Algumas pessoas teriam dito, segundo o relatório, que agentes obrigavam alguns moradores a jurar lealdade à facção rival a do território enquanto filmavam.

Suspensão de serviços públicos

Alguns relatos informaram que, sob a justificativa de que se trata de uma área de risco, quando há óbito de moradores os bombeiros não retiram os corpos. A mesma justificativa impede o acesso a autorização para realização de atividades recreativas como eventos comunitários, bailes e festas.

“Estava tendo vacinação no posto e eles suspenderam. Mandaram fechar o posto.”, diz outro depoimento..

Procurado pelo Portal Eu Rio, o Gabinete de Intervenção Federal informou que todas as operações e ações realizadas visando combater a criminalidade são feitas dentro da legalidade objetivando proteger cidadãos e respeitar seus direitos.
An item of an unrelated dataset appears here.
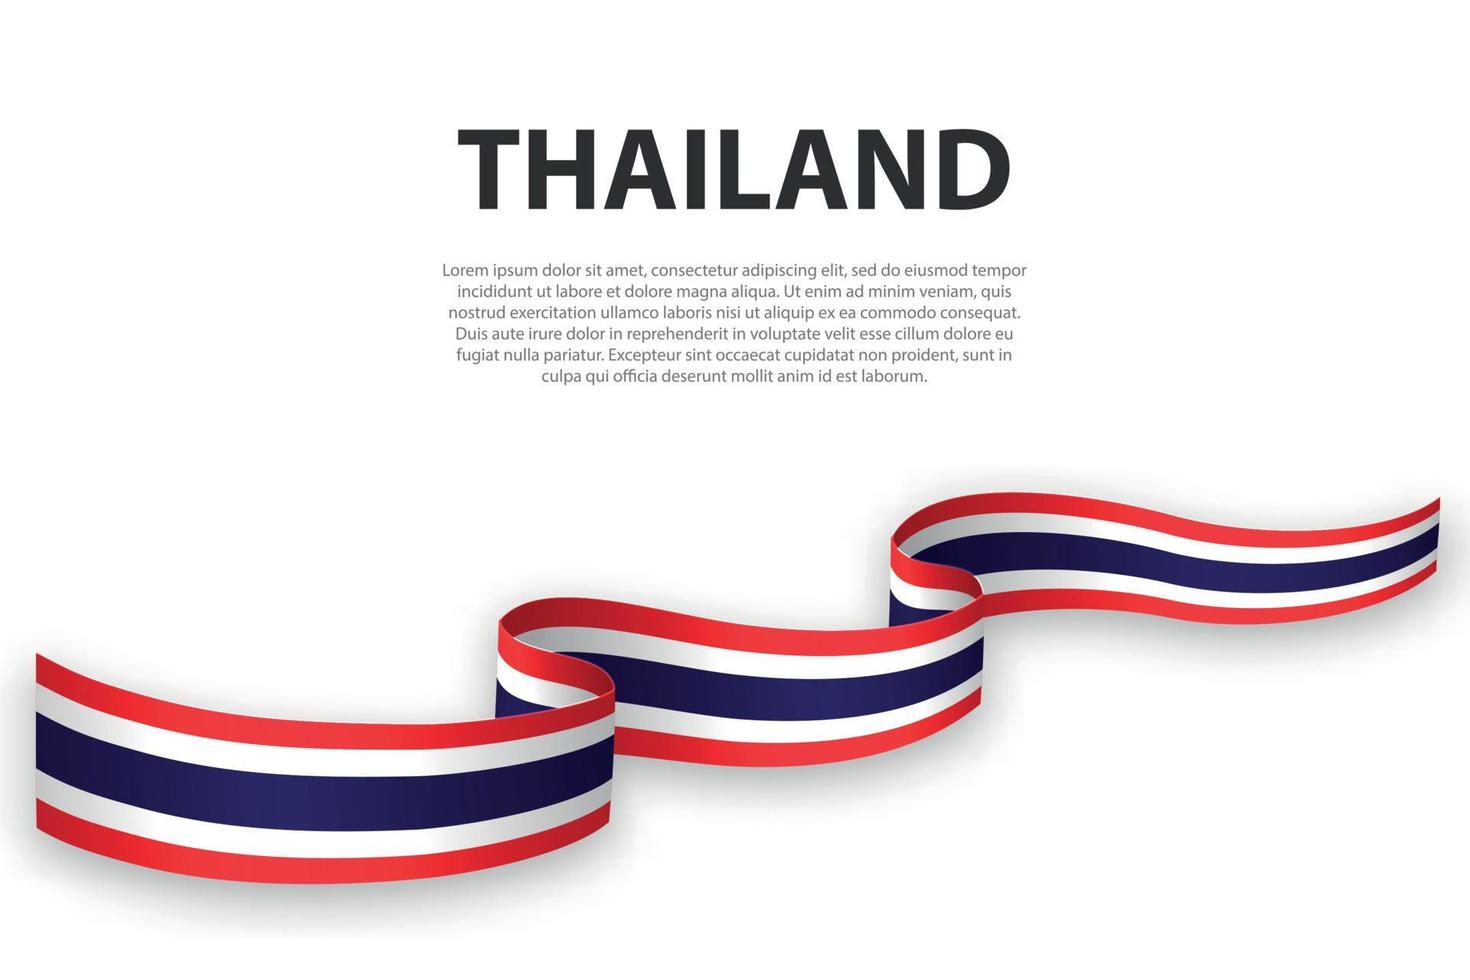 sventolando il nastro o lo striscione con la bandiera della thailandia vettore

Questionado se as denúncias seriam investigadas, o órgão não deu retorno.

A reportagem também procurou a PM e o Comando Militar do Leste e nenhum deles respondeu.

Também contactado, o Ministério Público Militar informou que, até o momento, não recebeu comunicação da Defensoria Pública Estadual relatando a violação de direitos humanos, por parte  dos integrantes das Forças Armadas, em comunidades do Rio de Janeiro durante a intervenção federal. Os procedimentos instaurados pelo MPM desde o início da intervenção não tratam de crimes dessa natureza.